Thomas Bartlett has held the Sixth Century Chairof Irish History at the University of Aberdeen since 2007, having been Professor of Modern Irish History at University College Dublin, 1995-2007. Bartlett was educated at Queen's University Belfast (B.A., 1970, Ph.D. 1976) and the University of Michigan, Ann Arbor where he was awarded a full scholarship in History, 1970-71. He was then awarded a research scholarship at the Institute of Irish Studies, Queen's University Belfast, where he worked towards his Ph.D thesis on the Townshend viceroyalty (1767-1772), conferred in 1976. A schoolteacher in Belfast, 1974-78, he then taught at University College Galway, 1978 to 1995, and quickly rose to the rank of Associate Professor. In 1995, he was invited to take up the Chair of Modern Irish History at University College Dublin, and he taught and researched there until moving to take up his position at Aberdeen. Bartlett was awarded a Fulbright scholarship to attend the University of Michigan, Ann Arbor (1982-3), and he has held visiting professorships at the University of Washington, Seattle (1997), and at the University of Notre Dame (1999). He was also Parnell Fellow in Irish Studies at Magdalene College, Cambridge (2001-2), Visiting Fellow there in 2004, and he was awarded a Government of Ireland Senior Research Fellowship for 2002-3. He has been a member of the Royal Irish Academy since 1995.

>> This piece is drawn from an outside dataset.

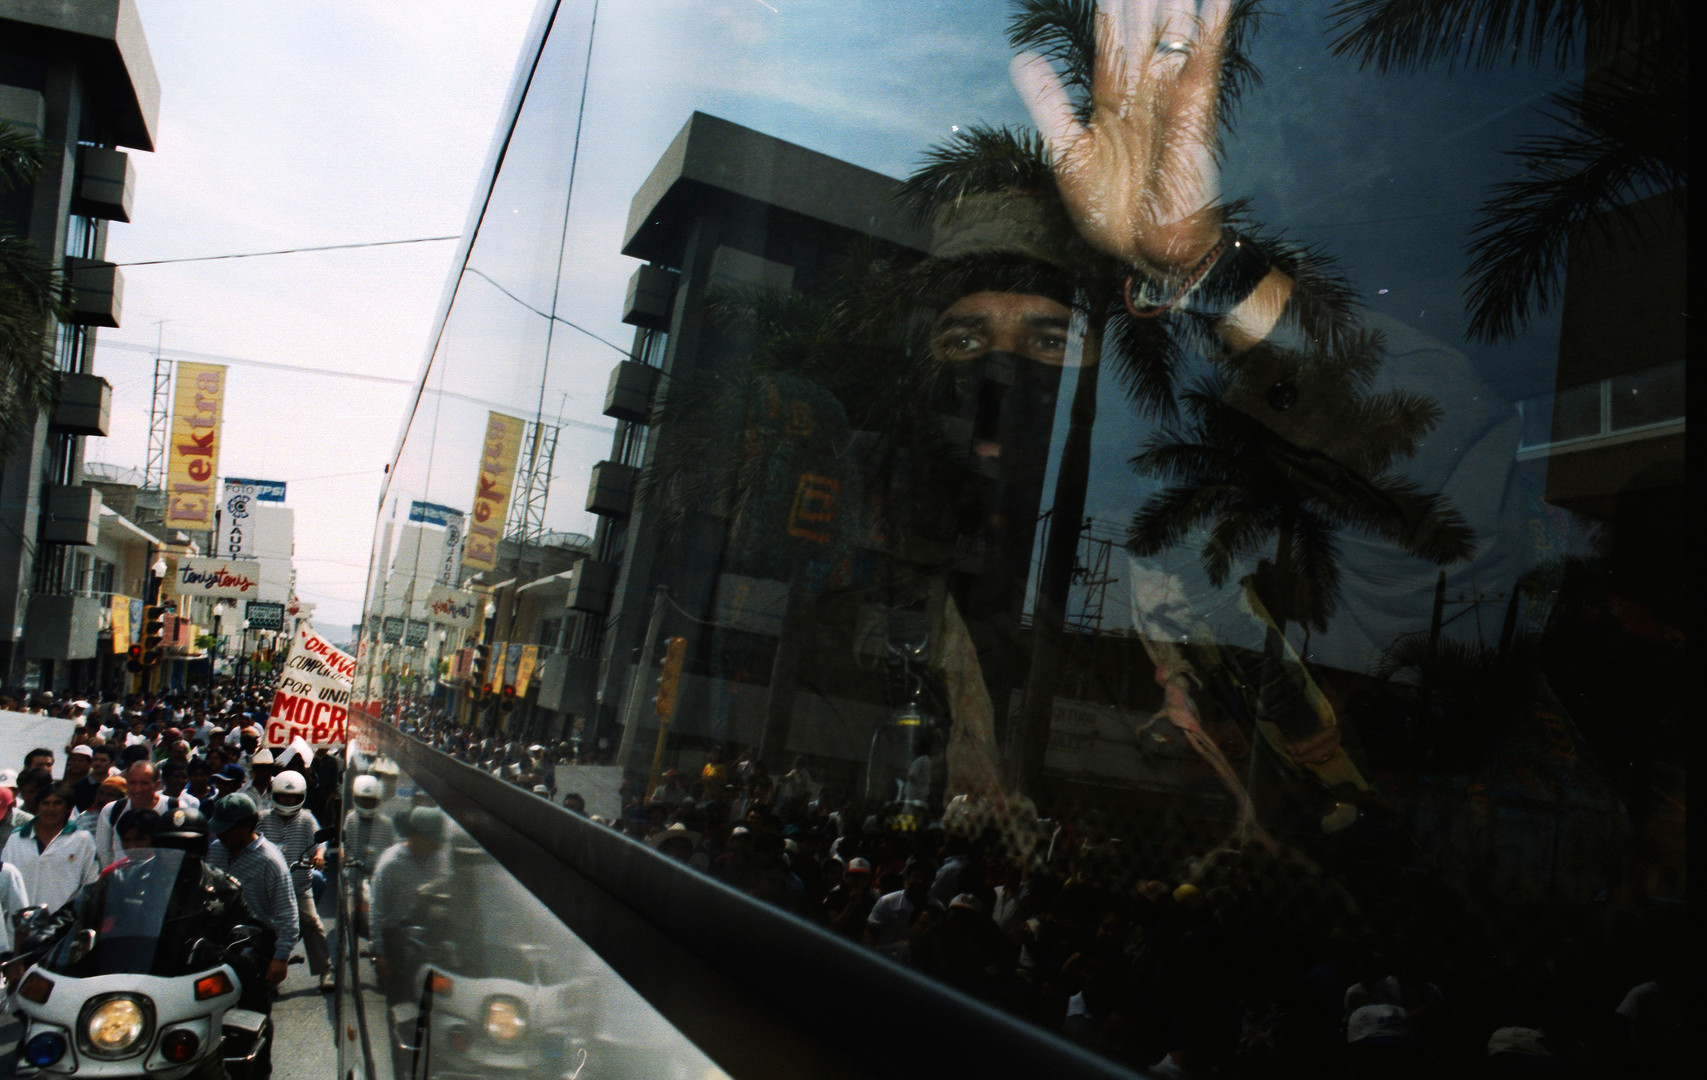 Subcomandante Marcos OrganizationZapatista Army of National Liberation
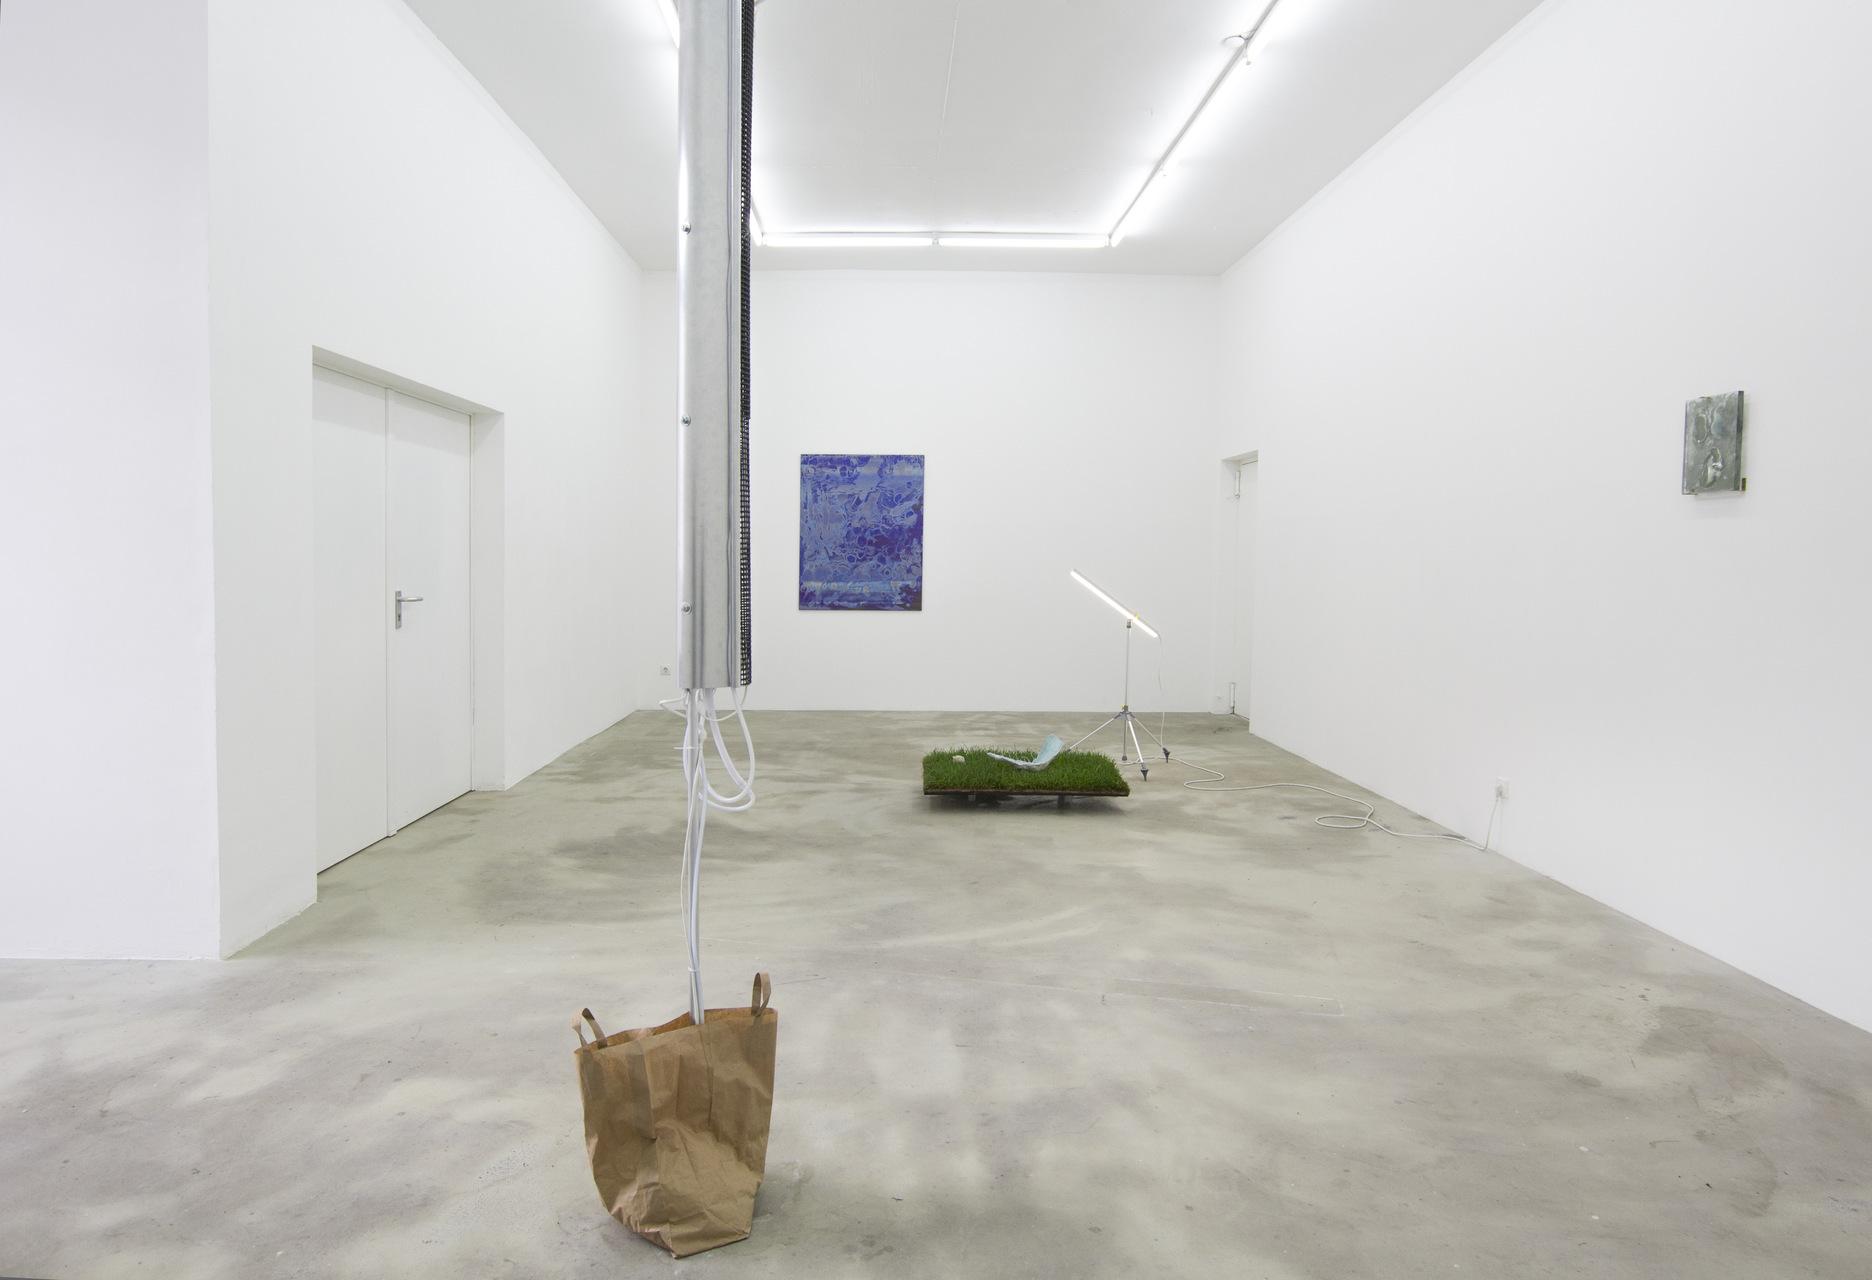 06-soy-capitan-pakui-hardware-mikkel-carl-anna-zett-daniel-stempfer-dominik-gohla-2015

Bartlett spent his scholarly career investigating Irish history in several different contexts; Anglo-Irish contacts, continental links and Ireland’s position in the Atlantic world. He has studied Irish soldiers in Continental Europe, and in the service of the British Empire, and he has addressed the influence of changing military thinking on Irish warfare. His early work on George Lord Townshend examined him as a colonial administrator faced with problems similar to those confronting his counterparts in British North America. He next worked on Irish insurgency and published a much cited paper on that subject in Past and Present, and later still on espionage and intelligence gathering during the early modern period. More recently he was part of the research team also included members from Trinity College, Dublin, and the University of Cambridge that managed the digitization of the thousands of depositions held in the library of Trinity College, Dublin relating to the insurrection of 1641. More recently he was commissioned by Cambridge University Press to be General Editor of a four volume History of Ireland to be published on 2017.